A. Decoding Performance
BF algorithms with different bit flipping threshold patterns for the same (128,3,6) LDPC-CC were simulated. To determine the maximum decoding performance capability of each algorithm, sixty decoding iterations were performed. As shown in Fig. 1 , the repeating 3-2 bit flipping pattern achieves 2 dB greater coding gain, at a BER of 10 -4 , compared to Gallager's all-3 bit flipping threshold pattern algorithm. Interestingly, the 3-2 pattern achieves a coding gain that is only 3.5 dB worse than the min-sum decoding algorithm, which uses much more computationally intensive belief propagation. Other bit flipping patterns (e.g. 3-3-2, 3-3-3-2, 3-3-3-3-2 and 3-3-3-3-3-2) were also simulated for 60 iterations. Their curves show the same coding gain, so it appears that repeating the 3 threshold for more than one iteration produces little or no benefit. Fig. 2 shows the results of increasing the number of decoding iterations, assuming the same 3-2 pattern. There is indeed a gain in coding performance as the iteration number is increased up to 6, but the gain is very small beyond 6. For the (128,3,6) LDPC-CC, the curve for 6 iterations approaches within 0.2 dB of the curve for 60 iterations. It would appear that 6 iterations might be a good balance between decoding performance and computational complexity.
B. Iteration Number
C. Error Correction Speed
In Fig. 3 , algorithms with different bit flipping threshold patterns were simulated with 6 iterations. It is evident that for all of the considered SNR values, the 3-2 bit flipping threshold pattern has the lowest BER and the 3-3-3-3-3-2 pattern has the highest BER.
In Fig. 4 , the BER after different iterations for different bit flipping threshold patterns was simulated at the same SNR value of Eb/No = 6 dB. It appears that the BF threshold pattern 3-2 has the fastest error correction speed compared to its peers. Note that Gallager's algorithm, with a fixed 3 threshold pattern, gets stuck at a relatively high BER. It appears that by alternating between the 3 and 2 thresholds, the decoding algorithm is able to escape from local minima. Repeating the 3 threshold does not produce faster convergence: the 3-2 pattern was found to produce the fastest convergence.
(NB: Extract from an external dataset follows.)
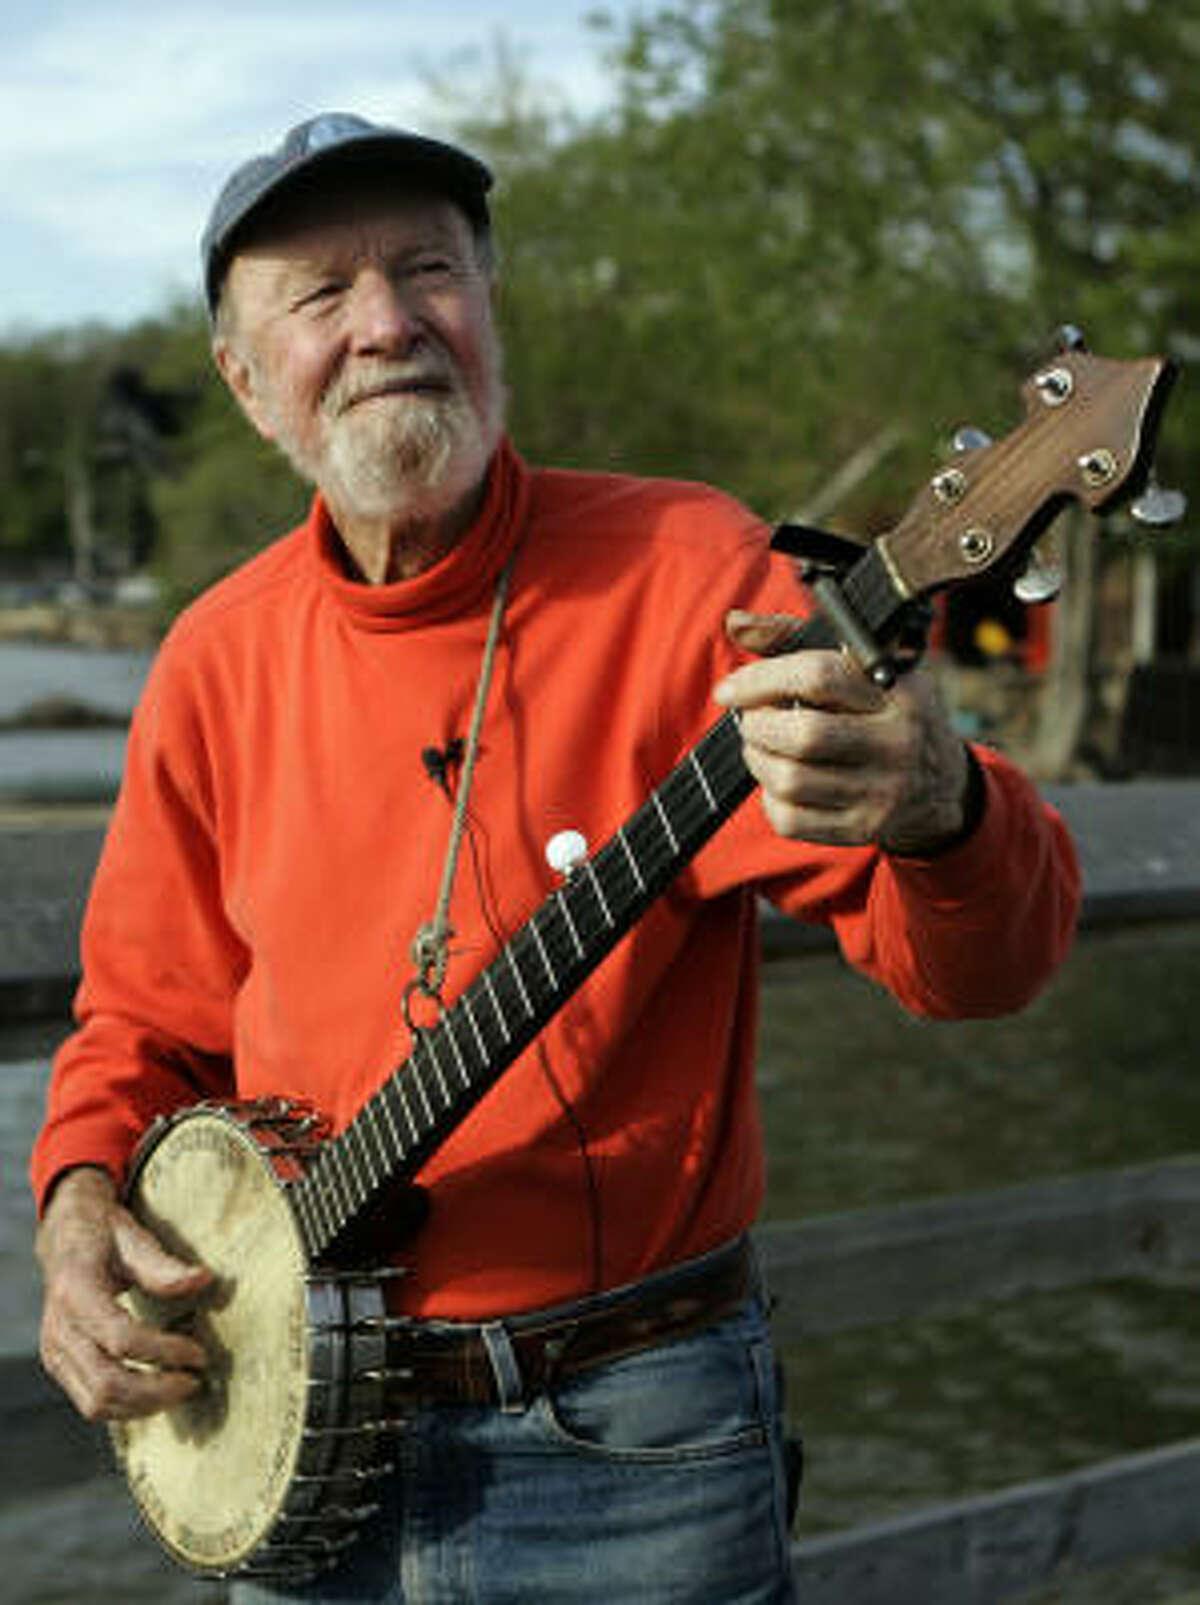 Nearing 90, folk singer Pete Seeger still sings, but a new set of CDs preserves his earlier, stronger voice.

From the above simulation results, it can be concluded that for the (128,3,6) LDPC-CC BF decoding algorithm, using bit flipping threshold pattern 3-2 with 6 iterations achieves the best balance between performance and complexity.
V. CONCLUSIONS
In this paper we presented simulation evidence that supports the effectiveness of a class of new iterative bit-flipping decoding algorithms for convolutional LDPC codes. Through experimentation we determined that the best performance was achieved when we strictly alternated between conservative iterations (where the threshold for flipping a bit is 3 failed parity checks) and more aggressive iterations (where the threshold is lowered to 2 failed parity checks). Using this particular threshold pattern (i.e., 3-2-3-2-) in Gallager's BF algorithm, modified for the (128,3,6) LDPC-CC, not only improves the coding gain, it also speeds up the error correction convergence, and hence reduces the iteration number and the decoding computational complexity. Remarkably, the best bit flipping decoding algorithm produced coding gain, at a BER of 10 -4 , within 3.5 dB of the min-sum algorithm, which uses belief propagation and hence requires much more computation (and more complex decoder hardware).
Additional work is required to explore other variations on the bit-flipping technique applied to the decoding of LDPCCCs. Also, more work is required to define which operating environments would best benefit from bit-flipping decoding. Power-constrained systems operating over a relatively clean channel would appear to be one good candidate for the application of the BF algorithms. Hybrid decoder designs might also be worth investigating, that is, decoders that fall back from full min-sum decoding to bit-flipping decoding when channel conditions allow it.